## [DATASET SECTION]

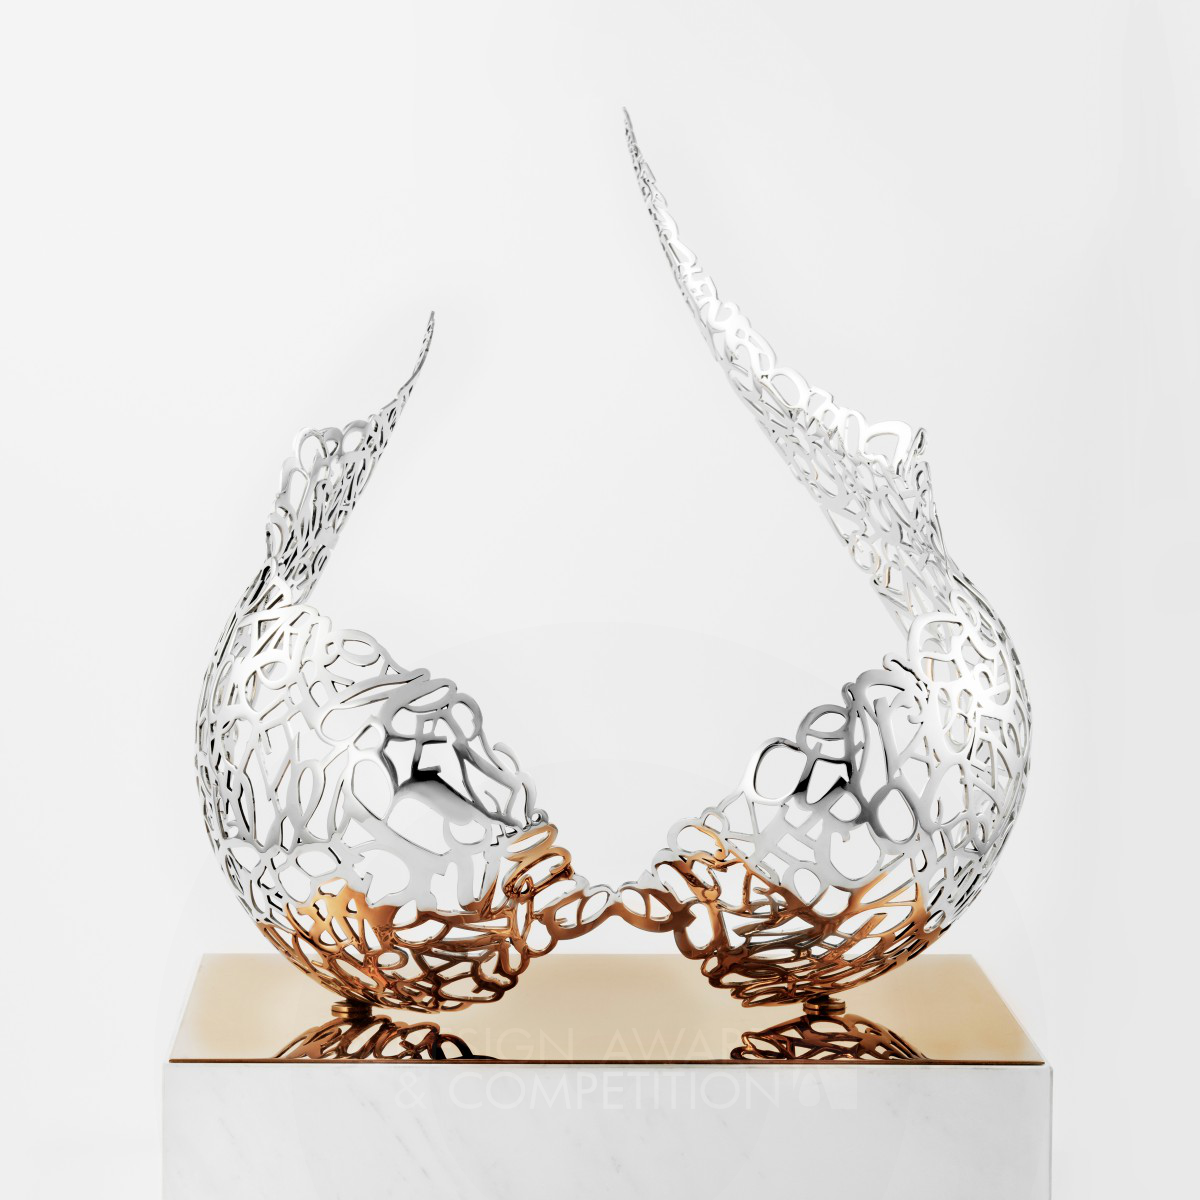 The Wings Sculpture Art by Kirin Leung
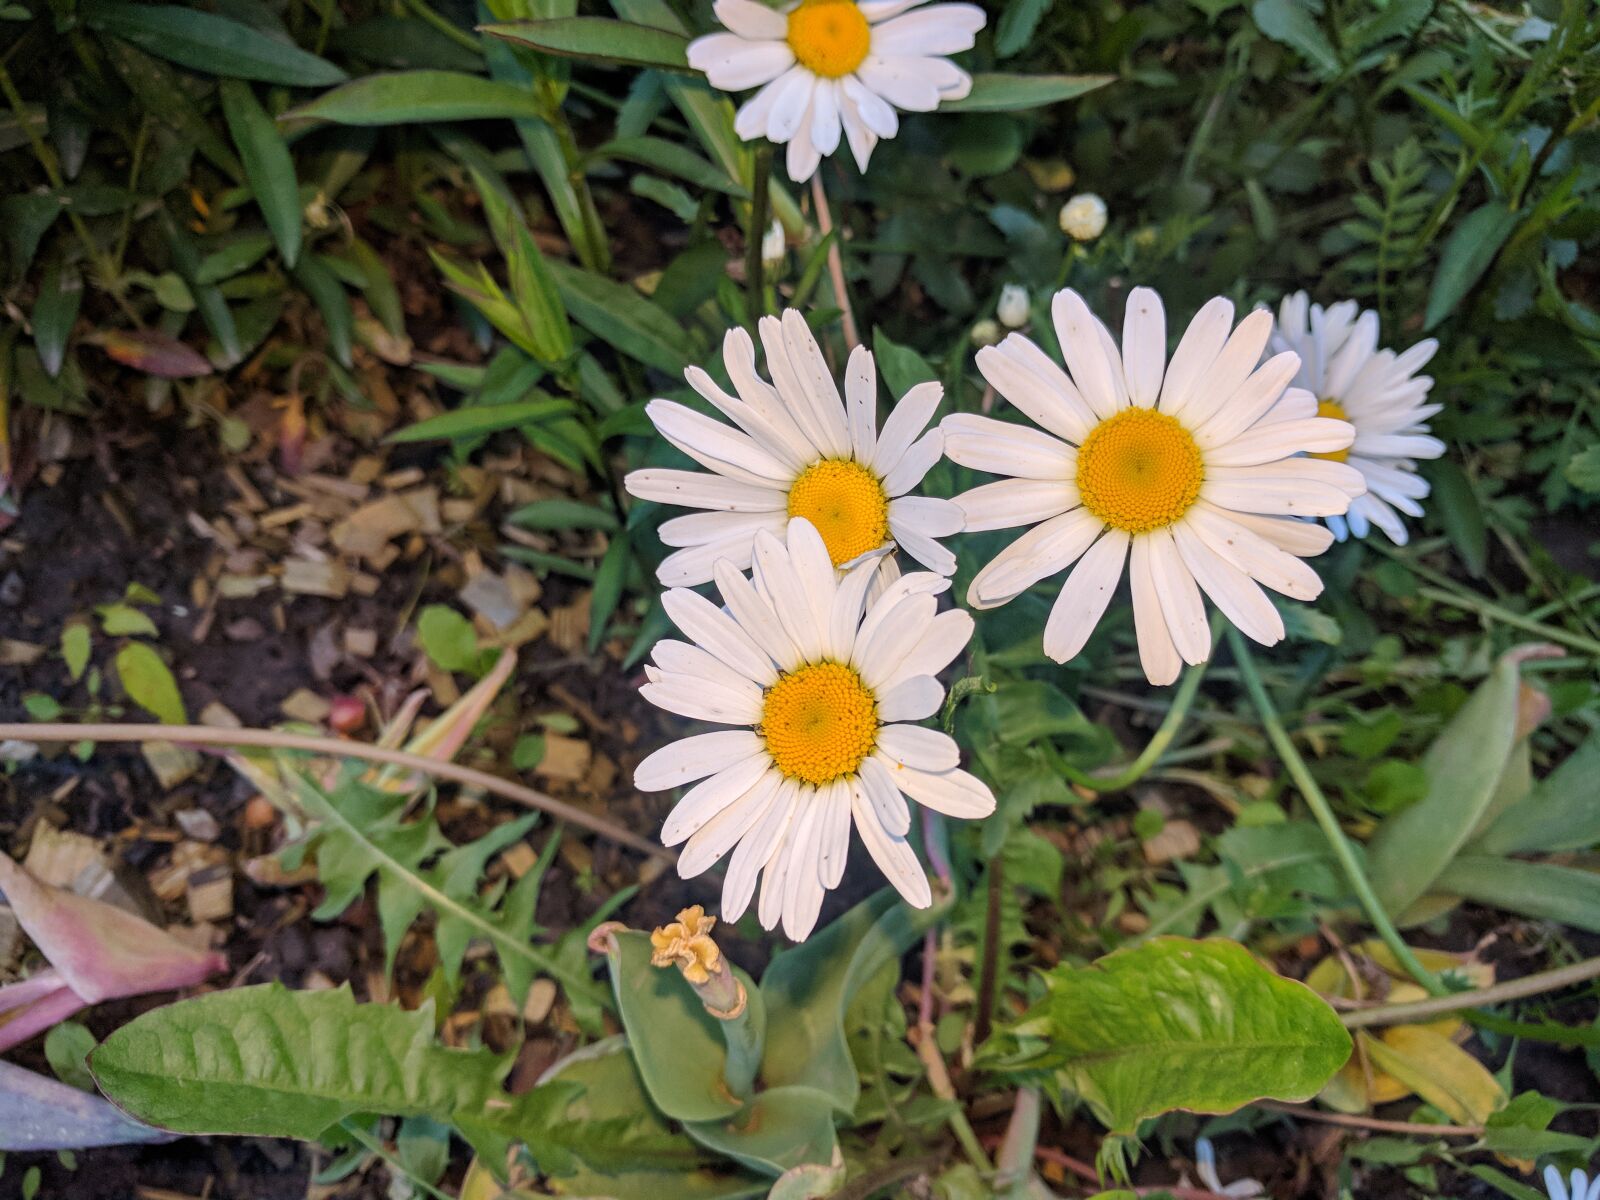 LG Nexus 5X sample photo. Daisy, daisy flowers, nature photography
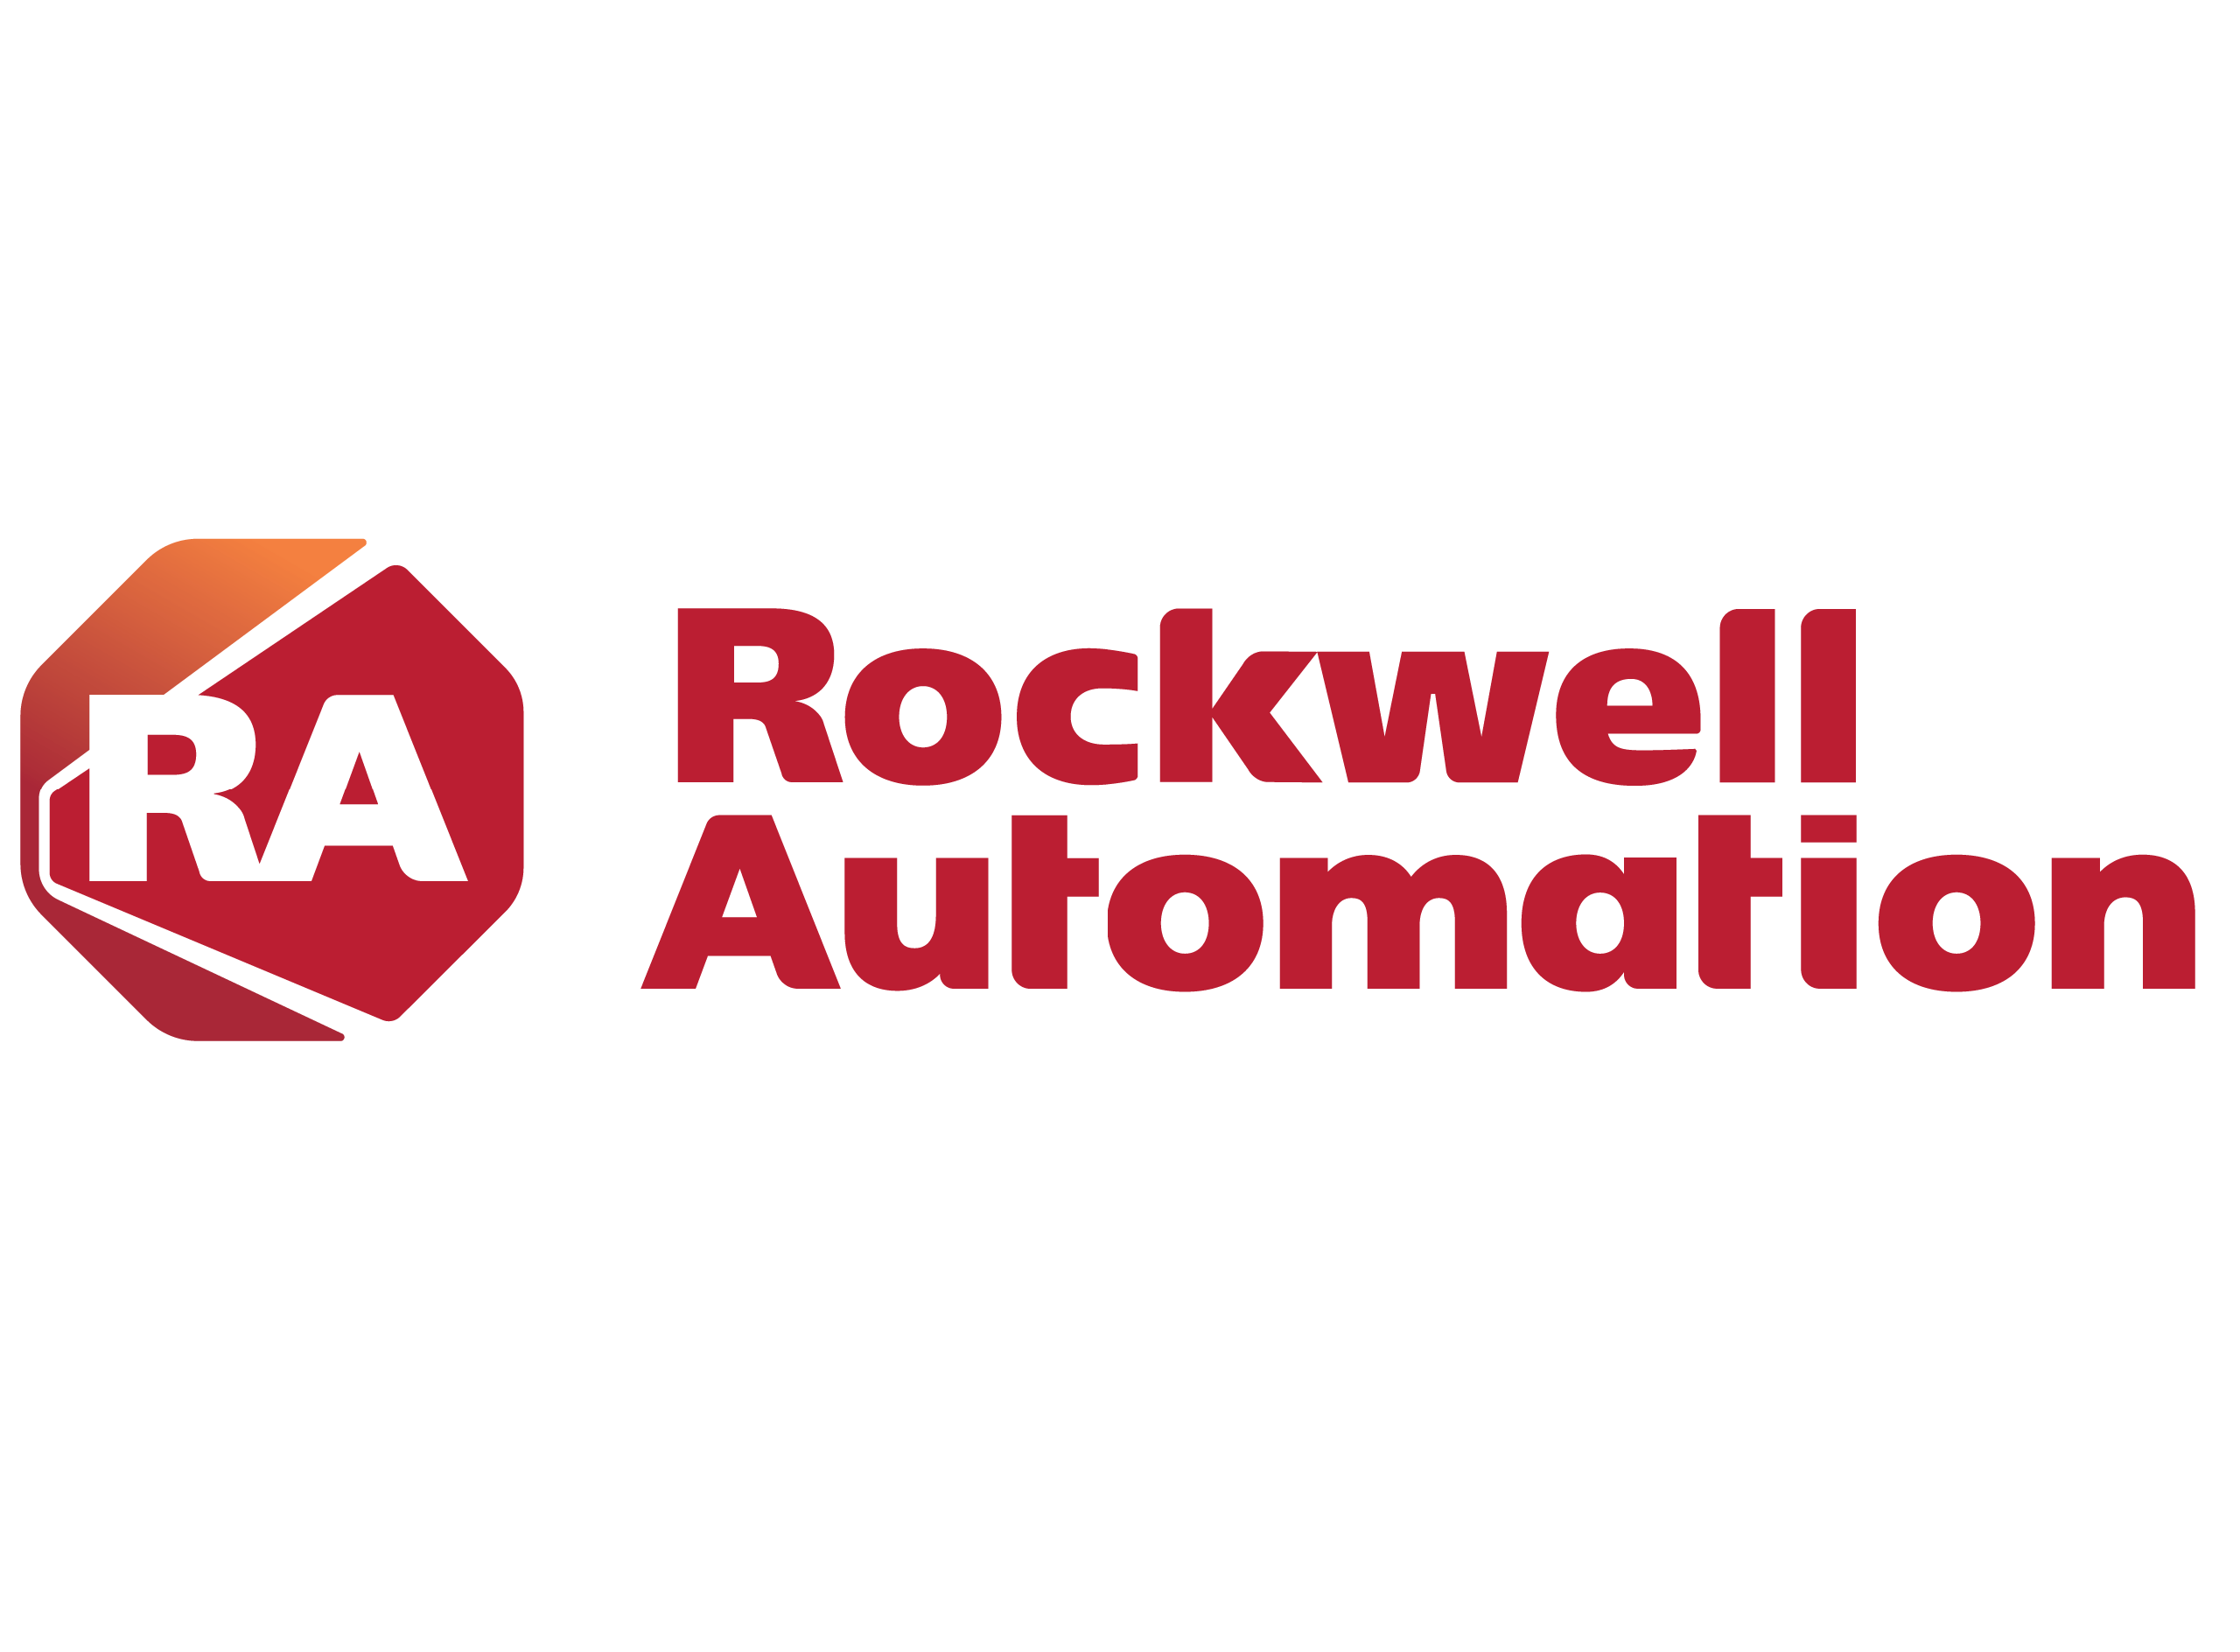 impreza integracyjna dla Rockwell Automotion, pikniki firmowe, imprezy, eventy, piknik rodzinny.png

## [PROBLEM DESCRIPTION]
Leave the pictures out and transcribe the remaining material exactly.

## [ANSWER]
 The Wings Sculpture Art by Kirin Leung
 LG Nexus 5X sample photo. Daisy, daisy flowers, nature photography
 impreza integracyjna dla Rockwell Automotion, pikniki firmowe, imprezy, eventy, piknik rodzinny.png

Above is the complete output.